> _EXERCISE REQUIREMENTS_: With every picture left out, restate the listing below exactly as written.
━━━━━ COLLECTED MATERIAL ━━━━━
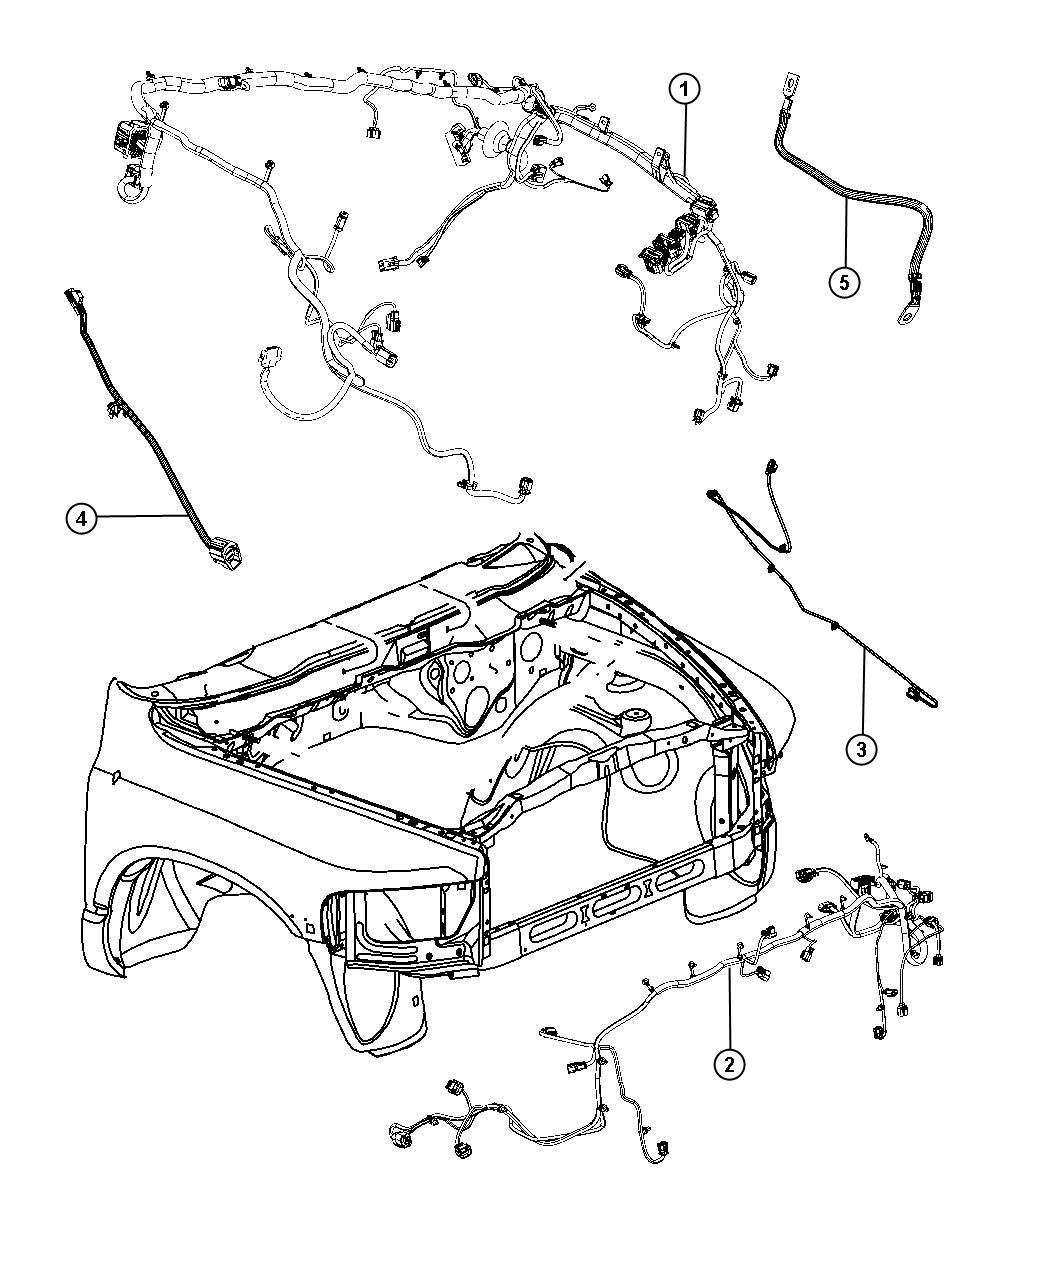 2012 Dodge Ram 1500 Wiring  Dash  Left
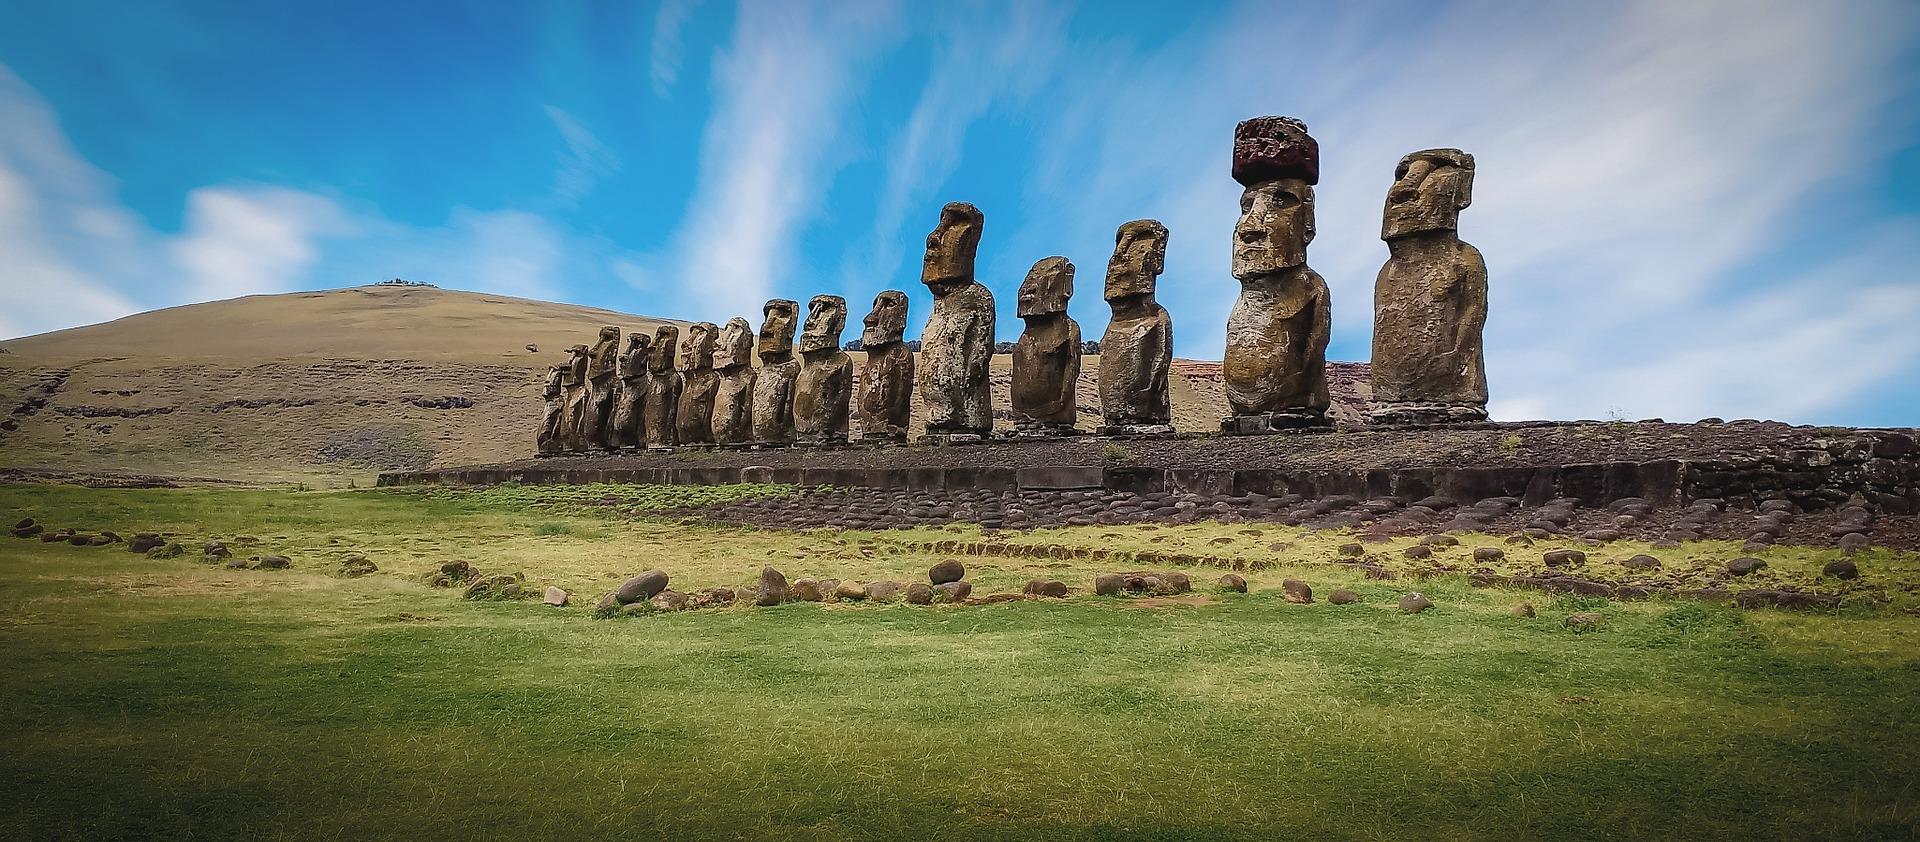 chili, île de pâques, amérique du sud, amérique latine, archéologie
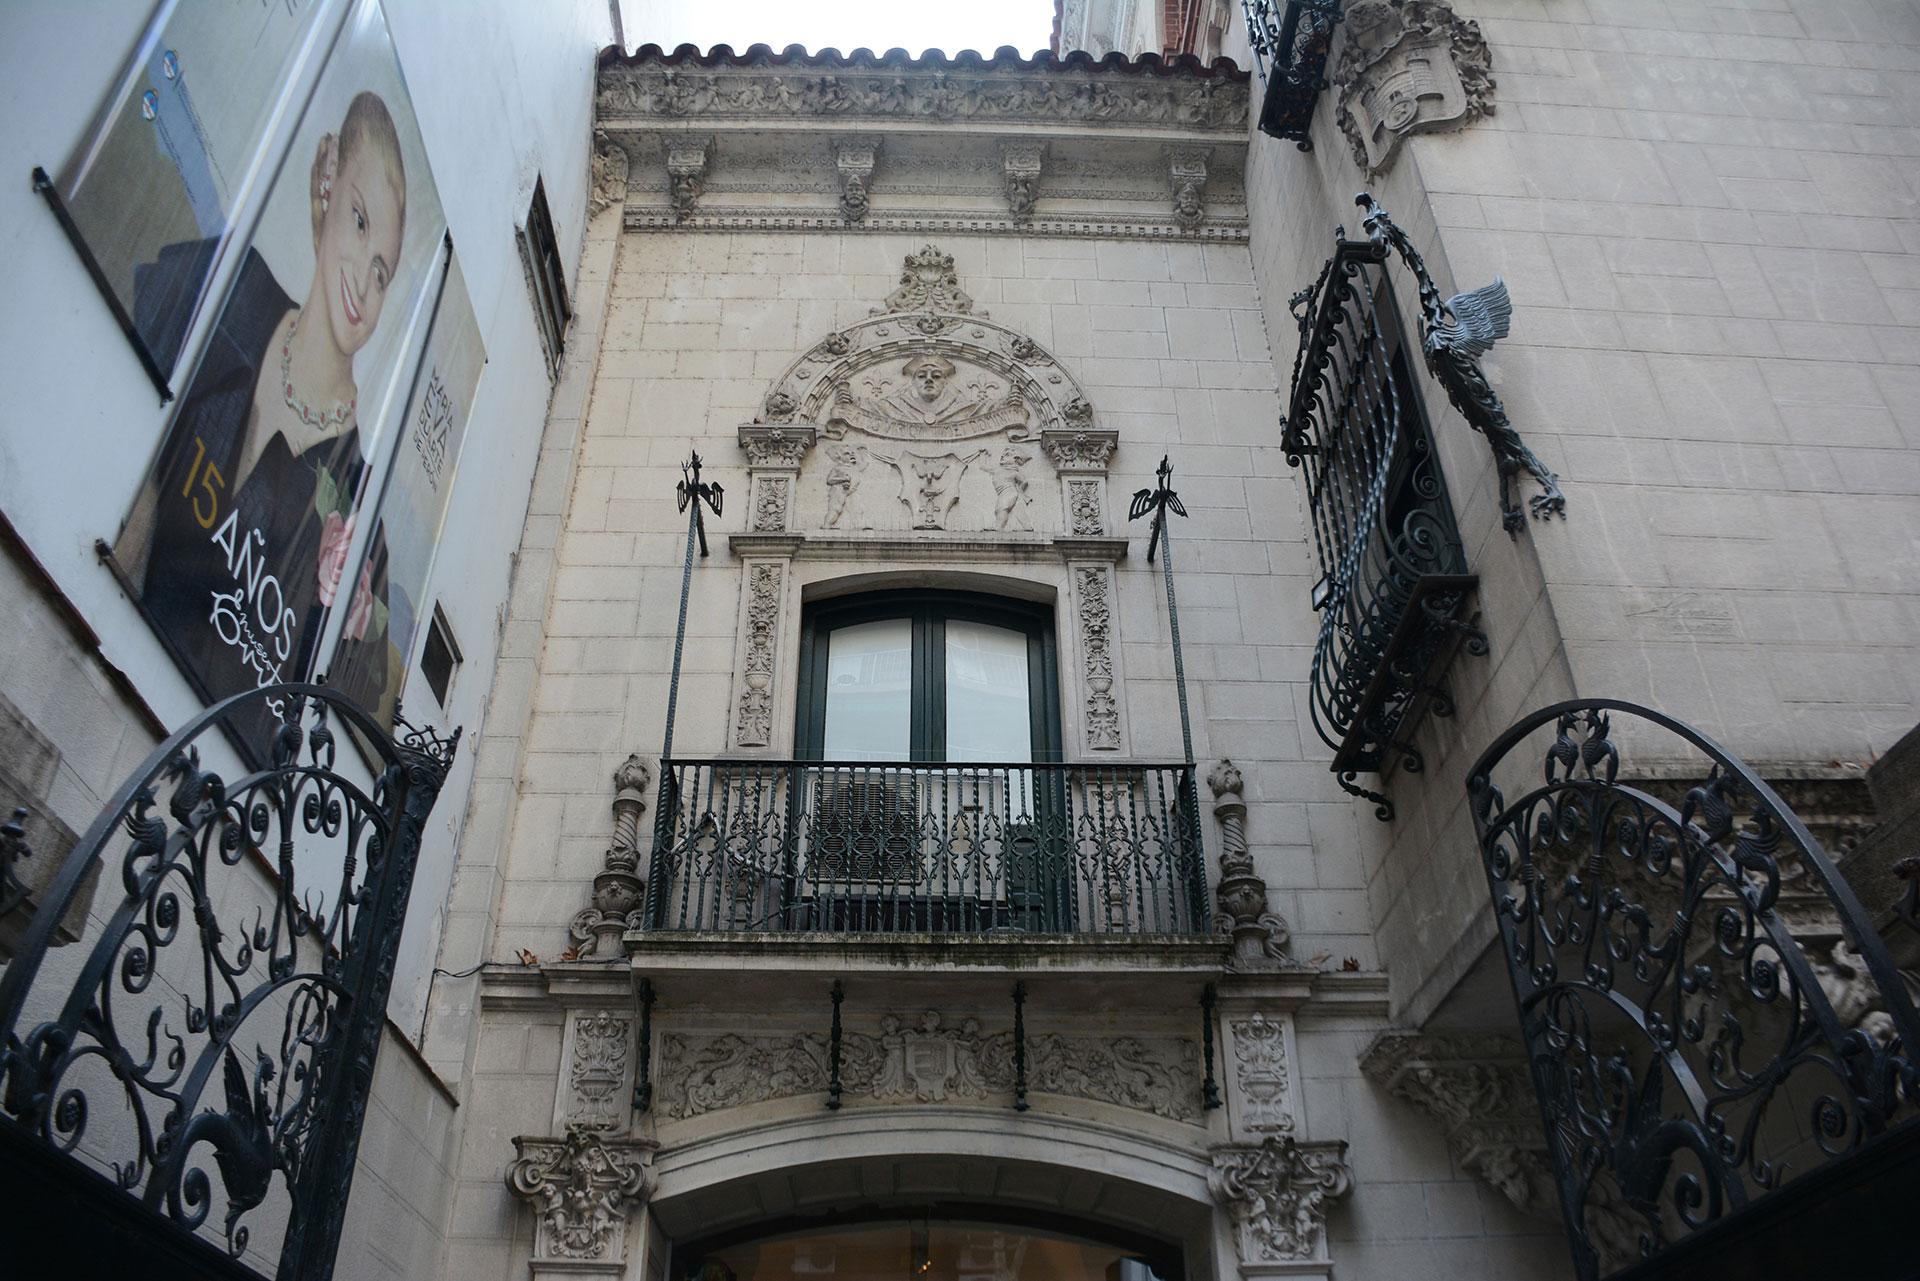 Esta obra de remodelación conjugaba elementos platerescos y del renacimiento español e italiano en un desarrollo de tres niveles y torre
━━━━━
> _ANSWER FOR THE TASK_:
 2012 Dodge Ram 1500 Wiring  Dash  Left
 chili, île de pâques, amérique du sud, amérique latine, archéologie
 Esta obra de remodelación conjugaba elementos platerescos y del renacimiento español e italiano en un desarrollo de tres niveles y torre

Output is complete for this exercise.